* [THE DATA]

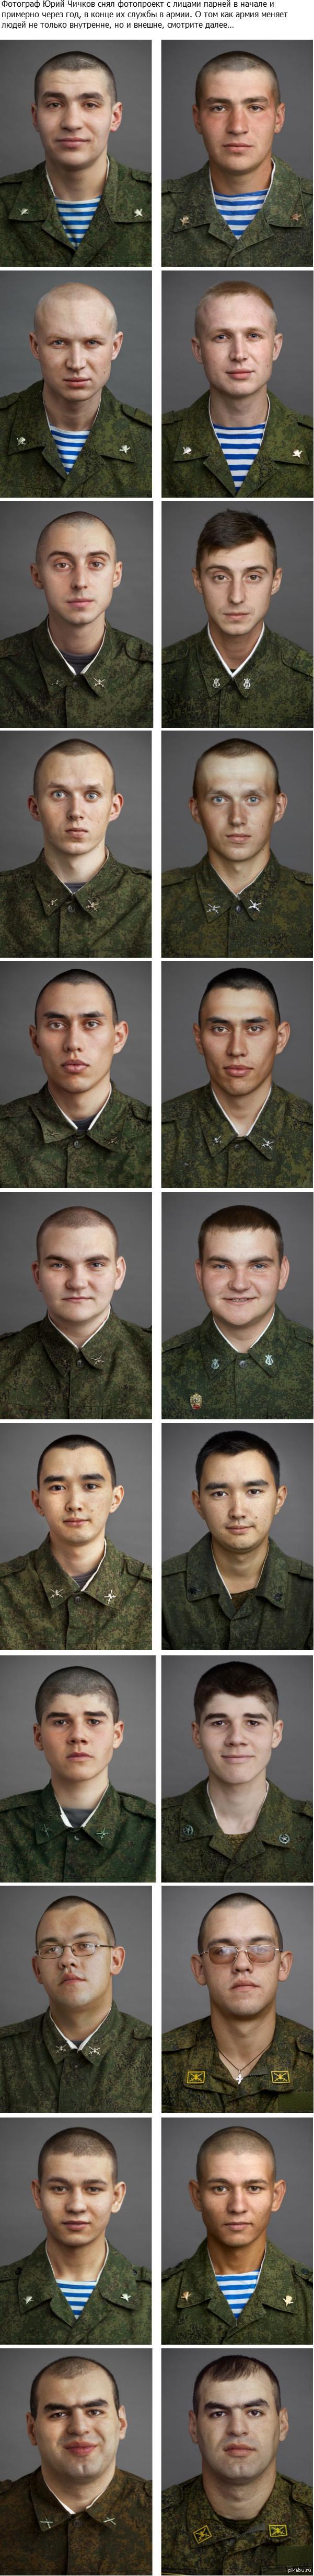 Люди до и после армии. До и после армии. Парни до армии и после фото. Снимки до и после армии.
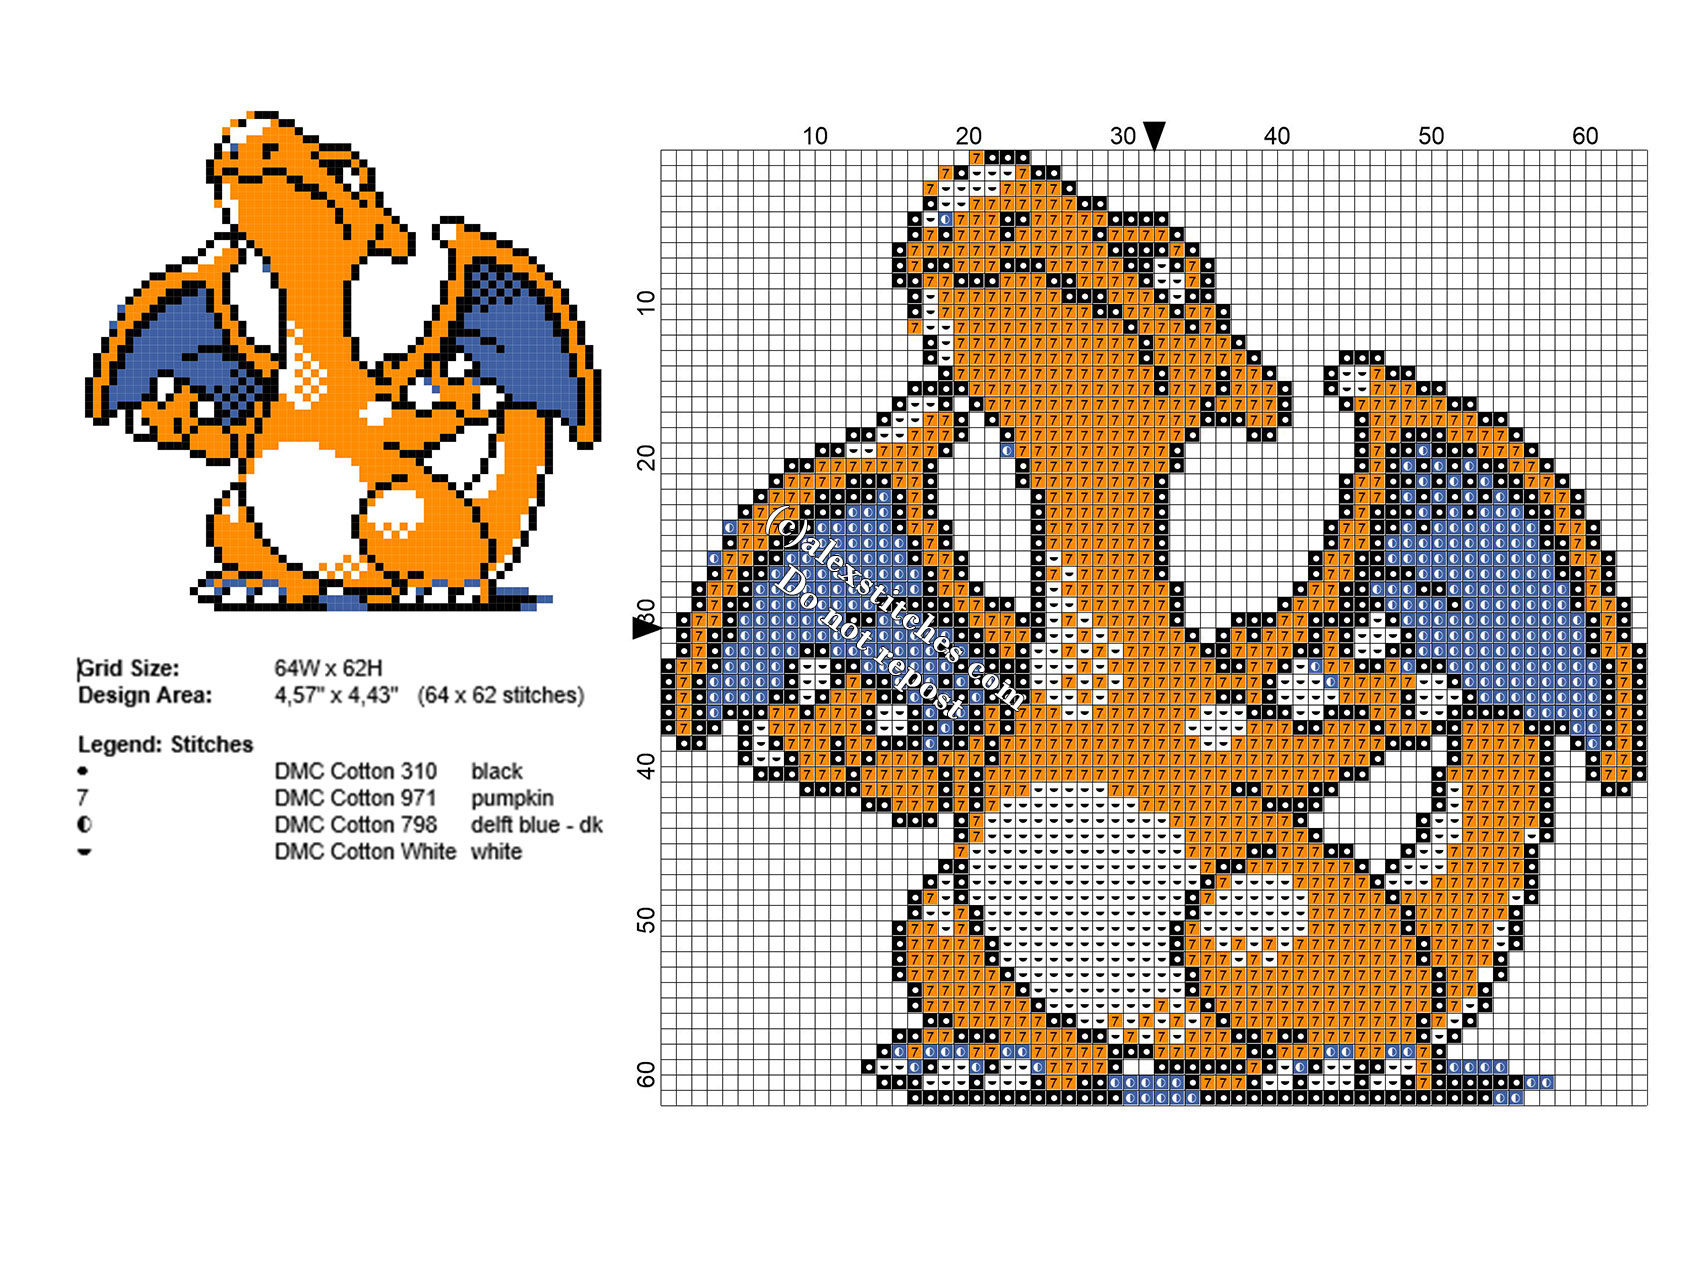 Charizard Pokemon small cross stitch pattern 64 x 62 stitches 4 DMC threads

==

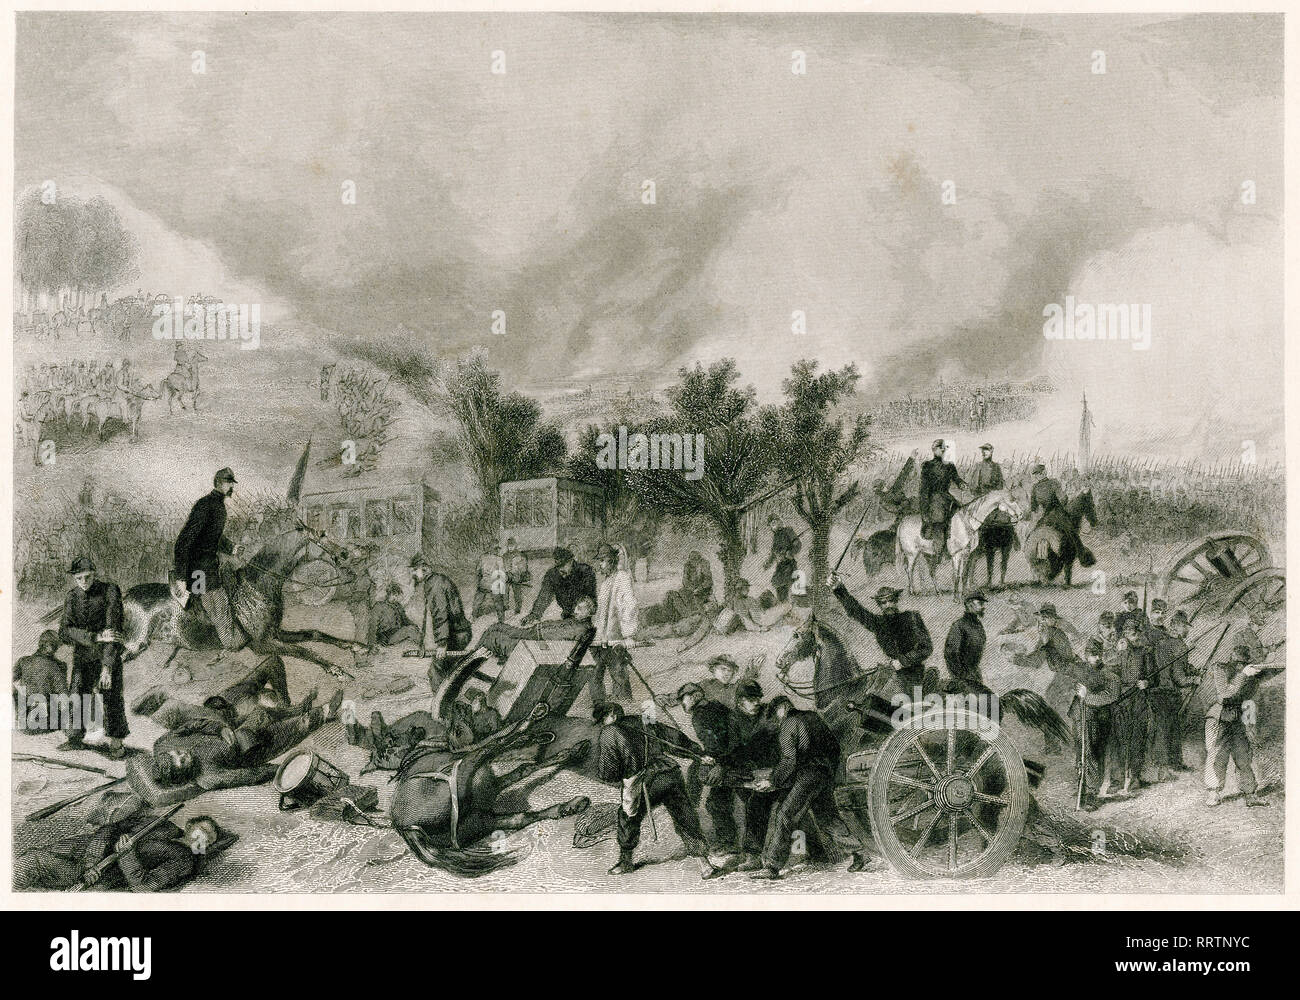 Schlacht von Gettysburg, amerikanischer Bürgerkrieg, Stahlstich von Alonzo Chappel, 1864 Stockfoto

* [GOAL OF THE EXERCISE] Write out again exactly the lines above from the one with "Люди до и после" through the one with "Charizard Pokemon small", adding no other lines and no pictures.

* [RESULT OF THE EXERCISE]
 Люди до и после армии. До и после армии. Парни до армии и после фото. Снимки до и после армии.
 Charizard Pokemon small cross stitch pattern 64 x 62 stitches 4 DMC threads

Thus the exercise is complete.